Julguei, pois, que tanto em relação aos leitores participantes, que talvez não dispusessem de tempo suficiente para efetivamente discutir as leituras, resolvendo as dúvidas do ponto de vista linguístico, quanto em relação à análise que poderia vir a desenvolver posteriormente, não explorando eventualmente todas as considerações feitas pelo grupo sobre o texto e sobre o processo de leitura de cada

um; seria melhor reduzir o número de prólogos. Ao fim do processo, com base nos elementos colhidos ao longo das reuniões, acabei por optar pela análise integral das quase seis horas dedicadas à discussão sobre o prólogo de Rabelais.

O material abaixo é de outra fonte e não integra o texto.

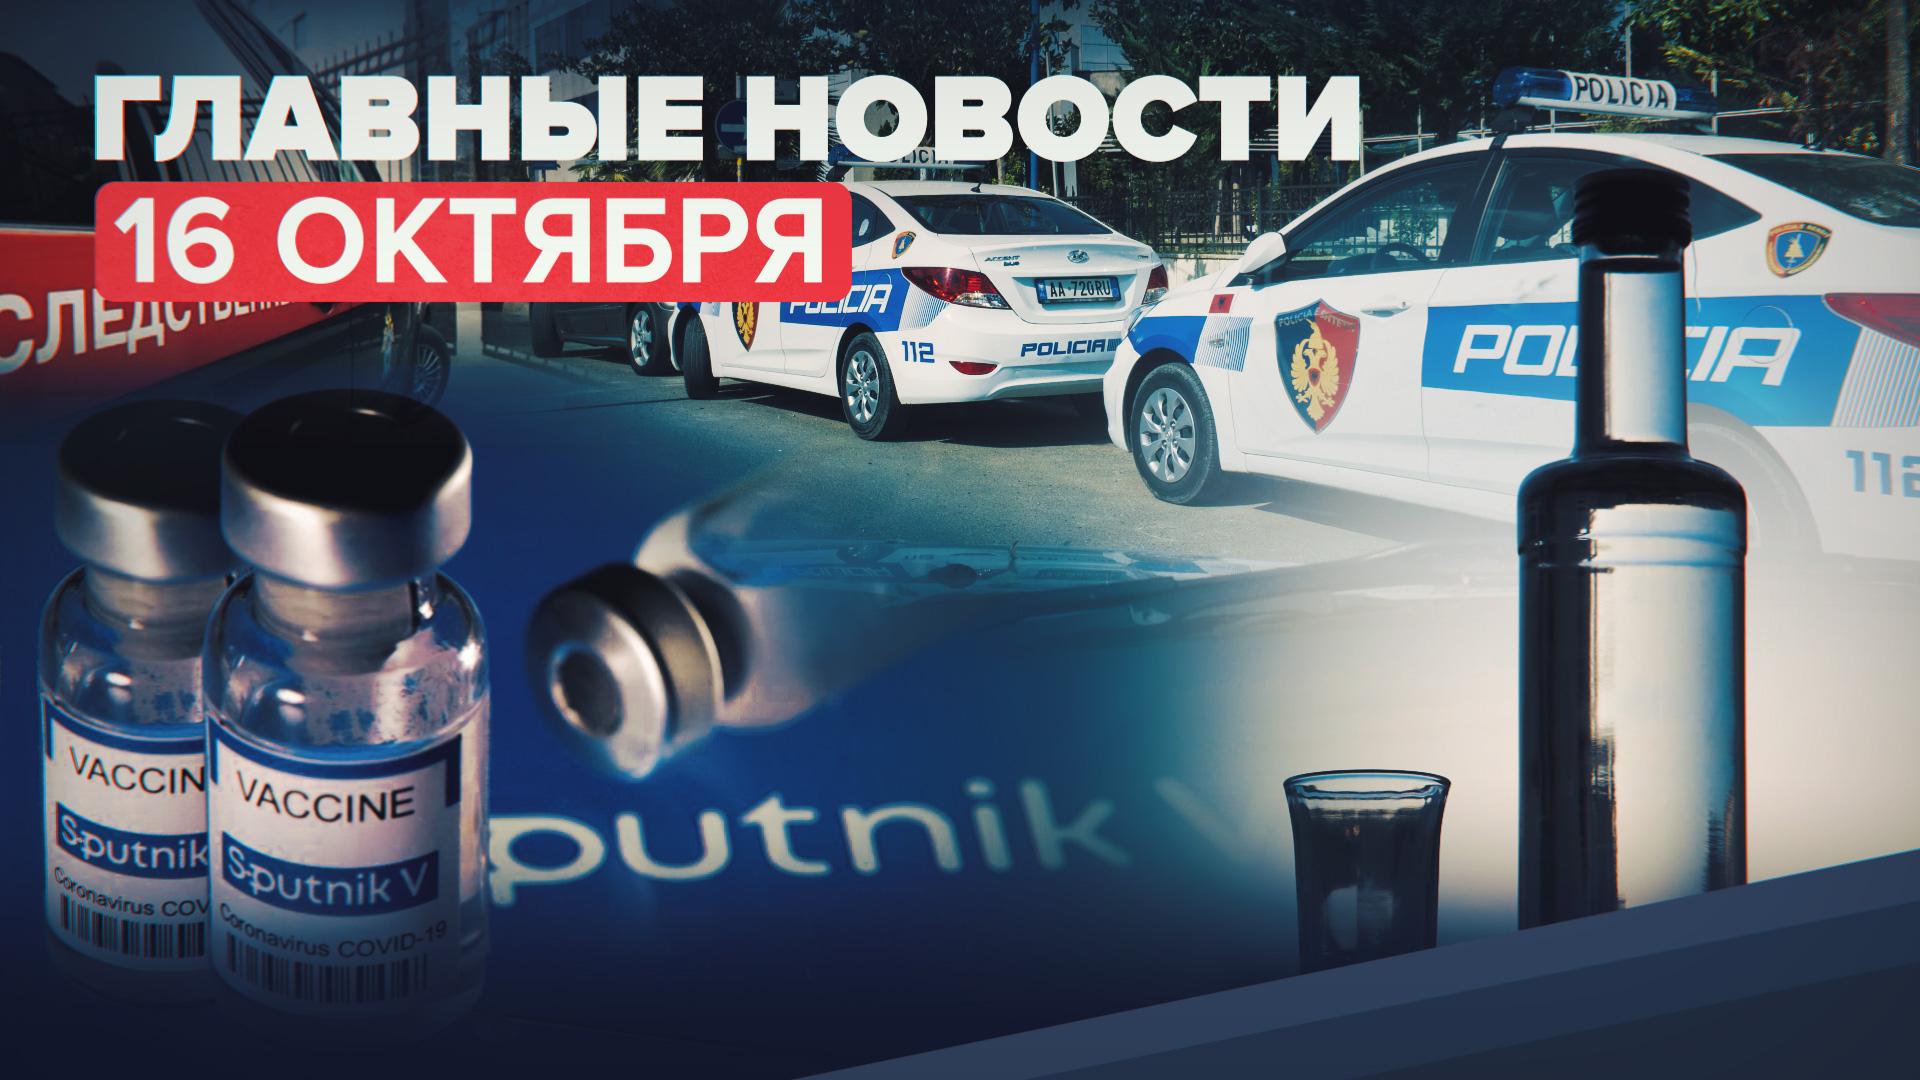 Новости дня — 16 октября: отравление алкоголем в Екатеринбурге, статистика COVID-19

A primeira reunião ocorreu em 09 de maio de 2008. A instrução dada para a leitura era apenas ler o texto e anotar o que cada um entendera, não entendera e gostaria de acrescentar sobre o processo de compreensão; essas observações compuseram os elementos a ser debatidos durante as reuniões. Porém, antes de entrar efetivamente na leitura do texto, busquei conhecer melhor cada um dos leitores que formavam o grupo: as diferentes trajetórias, como haviam chegado ao curso de Letras, porque haviam optado pela habilitação em Língua e Literatura Francesa e que relação estabeleciam com a leitura, como e o quê gostavam de ler. Como essas informações foram dadas por meio de narrativas orais, o modo como cada um estruturou seu percurso é singular; assim, busco, por minha vez, recuperar e organizar minha percepção de cada um dos leitores numa outra narrativa: a minha. Vale ressaltar que todo texto está, pois, permeado pela subjetividade da observação e mediação por mim operadas.

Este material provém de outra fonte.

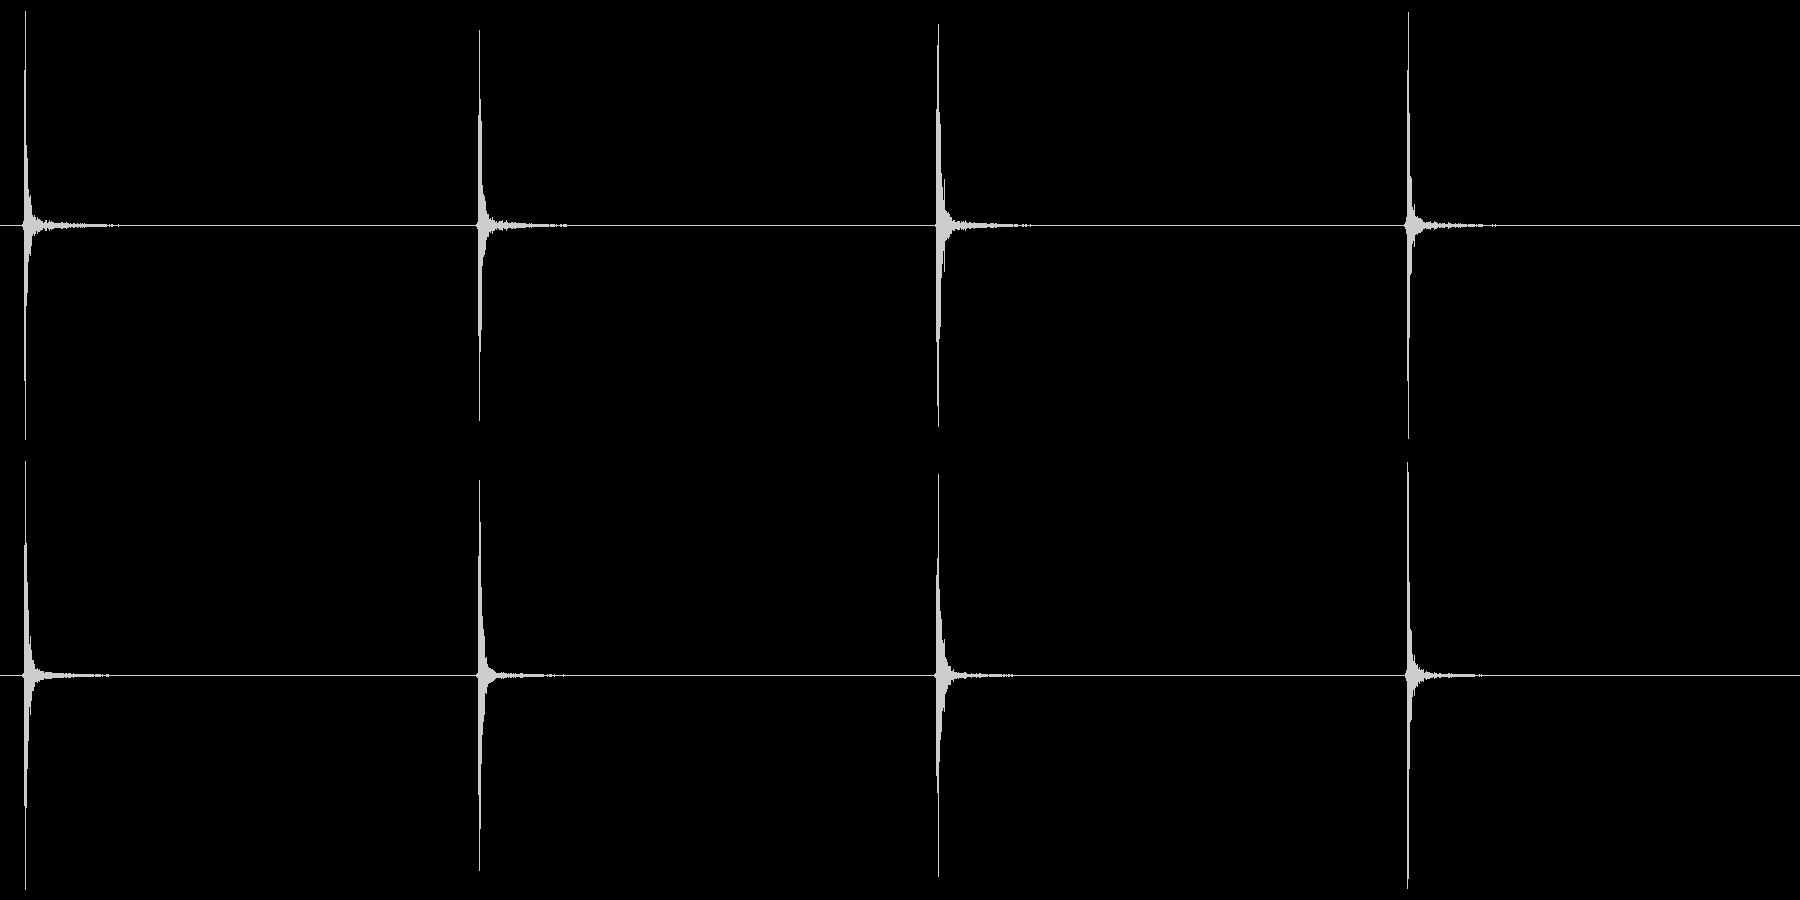 カッターの刃を伸ばす(一段ずつ)の未再生の波形

O grupo, conforme descrito na introdução desta tese, foi composto por alunos do segundo ano do curso de Letras que optaram habilitação em Língua e Literatura Francesa. Ingressantes em 2007 na USP, após um ano cursando as disciplinas do Ciclo Básico (ver anexo), em 2008 cursavam o primeiro ano do Francês, cursando as disciplinas específicas da área, dentre as quais Introdução à Literatura Francesa: Leitura de Textos I (ver anexo). Ao longo das conversas, conforme pode ser lido na transcrição das reuniões (ver anexo) são feitas várias referências ao curso de Introdução aos Estudos Literários (IEL), disciplina obrigatória oferecida pelo

Departamento de Teoria Literária e Literatura Comparada da FFLCH/USP, pré- requisito para que os alunos de Letras possam cursam as demais disciplinas sobre literatura.

Buscando preservar o anonimato dos participantes na degravação das reuniões, optou-se por nomeá-los de “leitor” seguido de um número crescente relacionado ao lugar ocupado pelo nome em ordem alfabética. Tem-se, assim, cinco leitores designados de 1 a 5. Optei por designar meu papel nas reuniões por “mediadora”. Ao longo do texto, pois, seis vozes tecem a leitura coletiva, compartilhando suas experiências e ressignificando o prólogo lido.